Crystal Palace, London facts for kids
View of Crystal Palace from the park. Four London boroughs; Bromley, Croydon, Lambeth, Lewisham, and Southwark meet at this junction. A fifth, Lewisham, is only 0.6 km (0.37 mi) away.
|Crystal Palace shown within Greater London|
|Population||12,255 (2011 Census. Bromley Ward)|
|OS grid reference|
|Ceremonial county||Greater London|
|Sovereign state||United Kingdom|
|Postcode district||SE19, SE20, SE26|
Crystal Palace is a residential area in south London, England, within the London Boroughs of Bromley, Croydon, Lambeth, Lewisham, and Southwark. It is named after the former local landmark, the Crystal Palace, which stood in the area from 1854 to 1936. The area is located approximately eight miles (13 km) south east of Charing Cross and includes one of the highest points in London, at 367 feet (112 m), offering views over the capital. The area has no defined boundaries and straddles the convergence of five London boroughs and three postal districts, although an electoral ward named Crystal Palace and Crystal Palace Park are entirely contained within the London Borough of Bromley. It is contiguous with Anerley, Dulwich Wood, Gipsy Hill, Penge, South Norwood, Sydenham and Upper Norwood.
The district was a natural oak forest until development began in the 19th century, and before the arrival of the Crystal Palace the area was known as Sydenham Hill. The Norwood Ridge and an historic oak tree were used to mark parish boundaries. Today, the area is represented by three different parliamentary constituencies, four London Assembly constituencies and fourteen local authority councillors. After the Crystal Palace had burned down in 1936, the site of the building and its grounds became Crystal Palace Park, which is the location of the National Sports Centre, containing an athletics track, stadium and other sports facilities. Crystal Palace Park has also been the setting for a number of concerts and films, including scenes from The Italian Job and The Pleasure Garden. Two television transmitter masts make the district a landmark location, visible from many parts of Greater London. Local landmarks include the Crystal Palace Triangle, a shopping district made up of three streets forming a triangle; Westow Park, a smaller park that lies off the triangle to the south west of Crystal Palace Park; and the Stambourne Woodland Walk.
A pneumatic railway was briefly trialled in the area in 1864. Once the railways had arrived, Crystal Palace was eventually served by two railway stations, the high level and low level stations, built to handle the volume of passengers visiting the Crystal Palace.

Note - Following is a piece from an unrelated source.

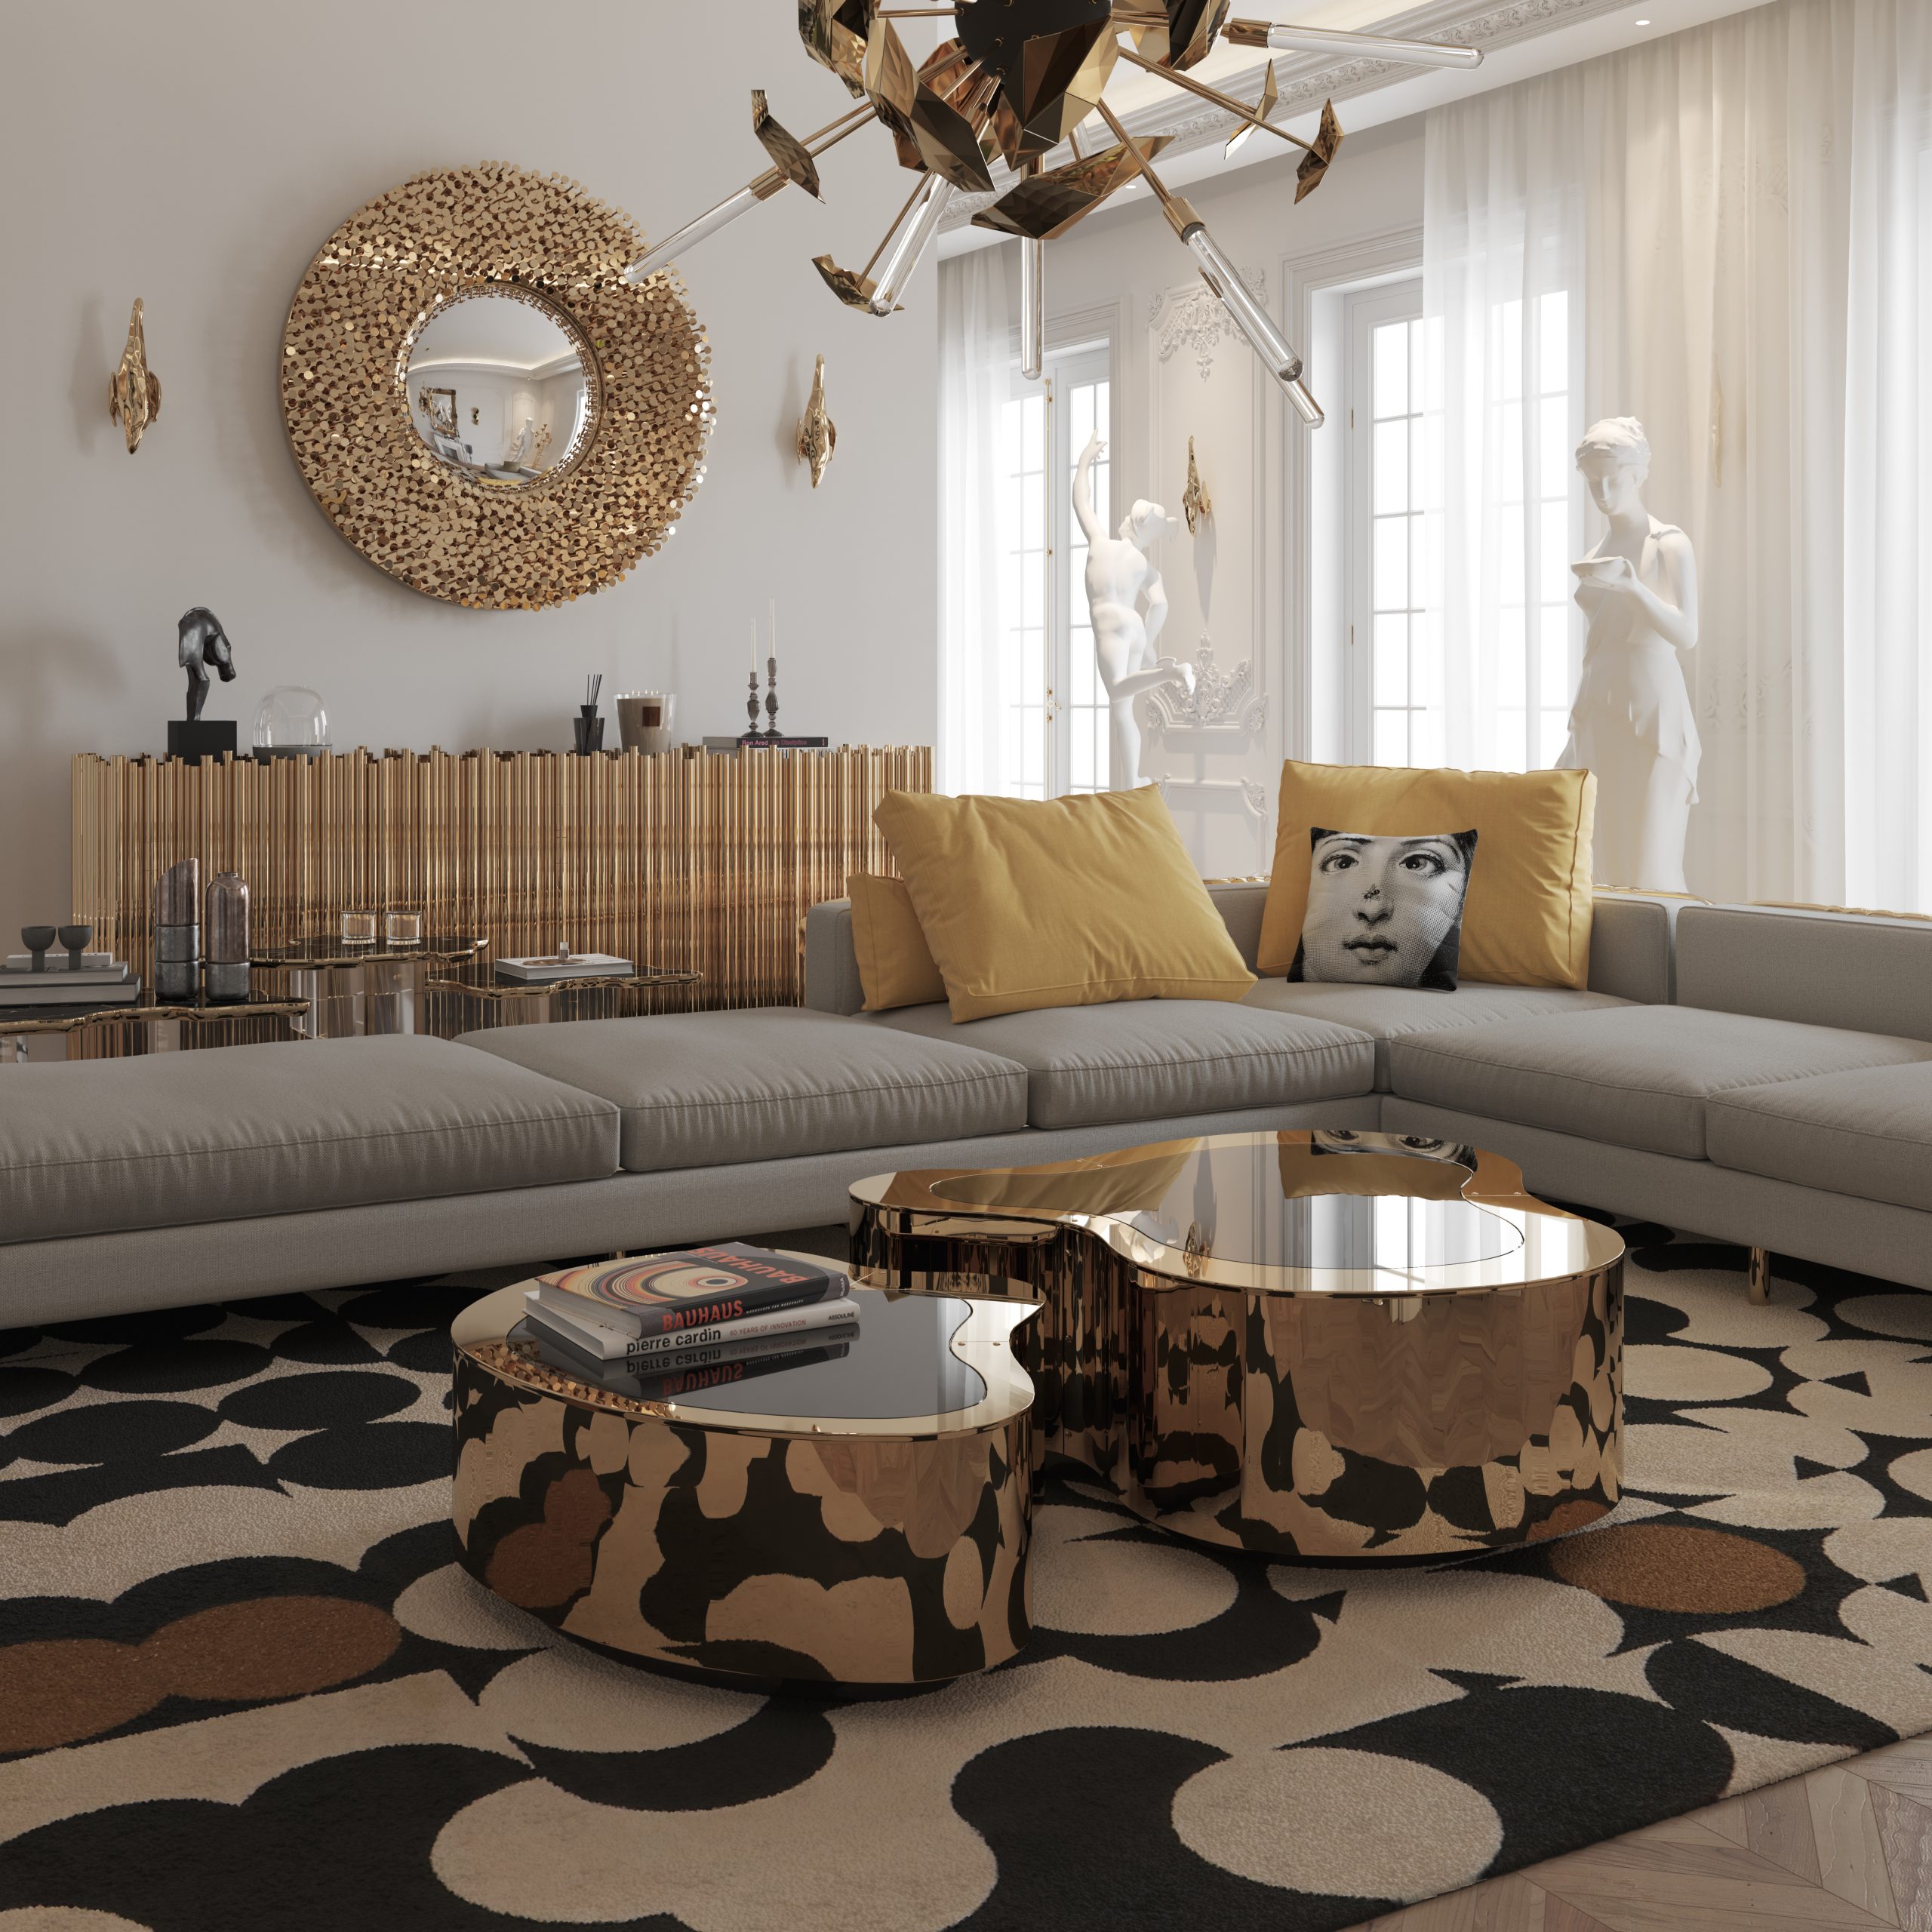 Kelly Hoppen - The Best Home Decor Ideas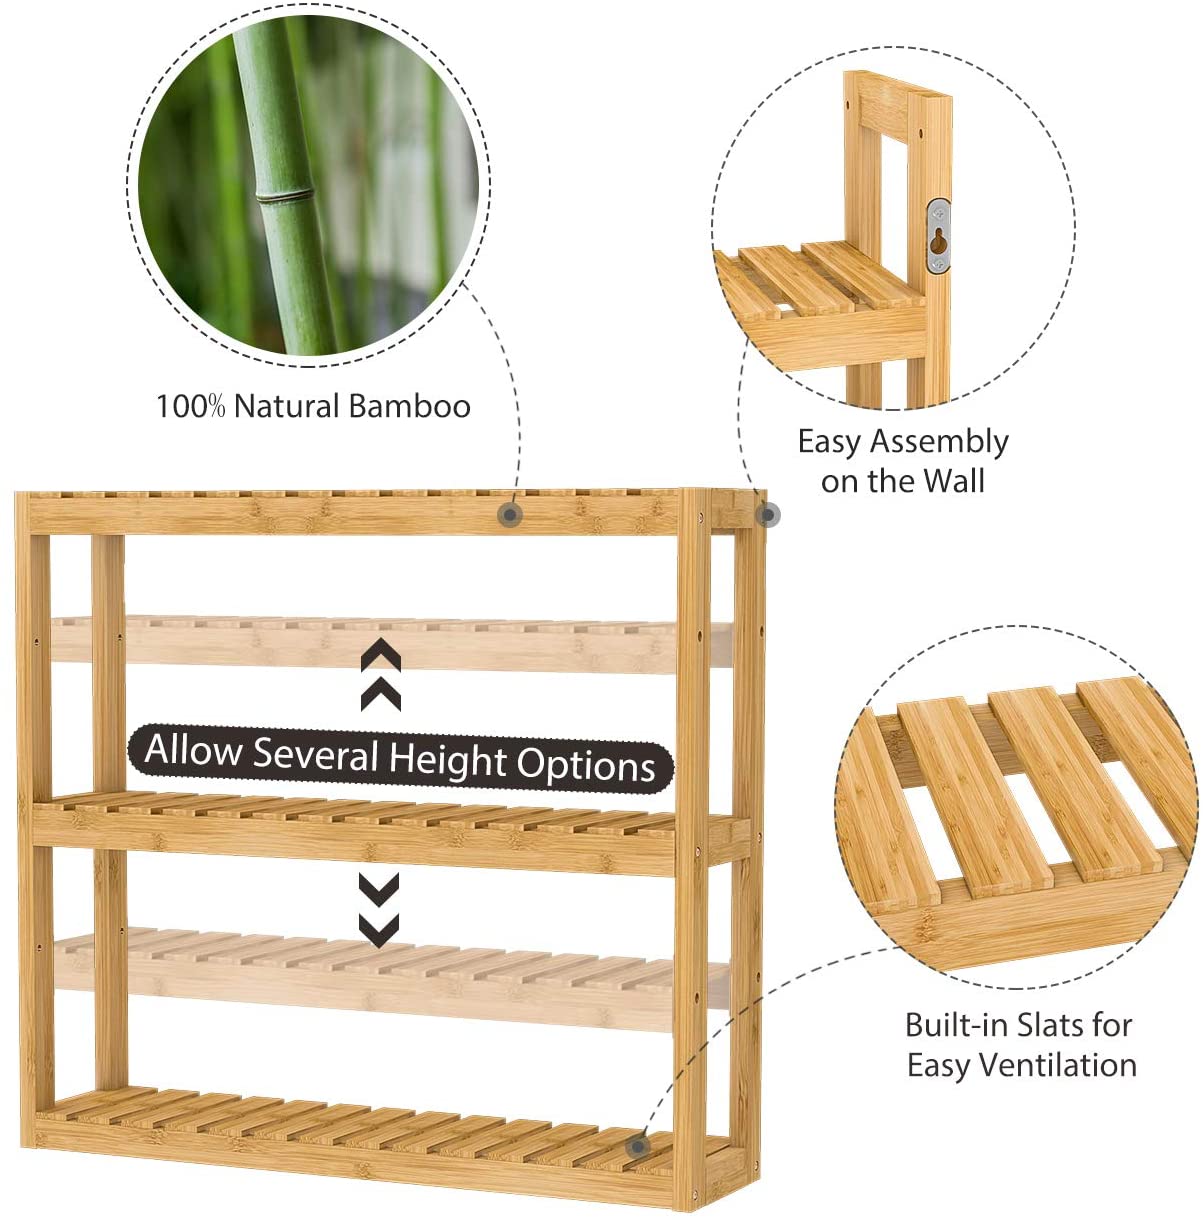 Bathroom Bamboo Shelf Organizer - 3 Tier Storage Shelf

After the palace was destroyed by fire, and with railway travel declining in the UK more generally, passenger numbers fell and the high level station was closed in 1954 and demolished 7 years later. Rail services gradually declined, and for a period in the 1960s and 1970s there were plans to construct an urban motorway through the area as part of the London Ringways plan. More recently, rail travel has seen a resurgence in Crystal Palace, with rising passenger numbers, additional London Overground services stopping at the station, a major station redevelopment in 2012 and proposals to extend the Croydon Tramlink service to the railway and bus stations. In 2016, Crystal Palace was named as one of the best places to live in London.
The ridge and the historic oak tree known as The Vicars Oak (located at the present-day crossroads of the A212 Church Road and A214 Westow Hill) were used to mark parish boundaries. This has led to the Crystal Palace area straddling the boundaries of five London Boroughs; Bromley, Croydon, Lambeth, Southwark and Lewisham. The area also straddles three postcode districts: SE19, SE20, and SE26. The ancient boundary between Surrey and Kent passes through the area and from 1889 to 1965 the area lay on the south eastern boundary of the County of London. It included parts of Kent and Surrey until 1889 and then parts of Kent, London and Surrey between 1889 and 1965.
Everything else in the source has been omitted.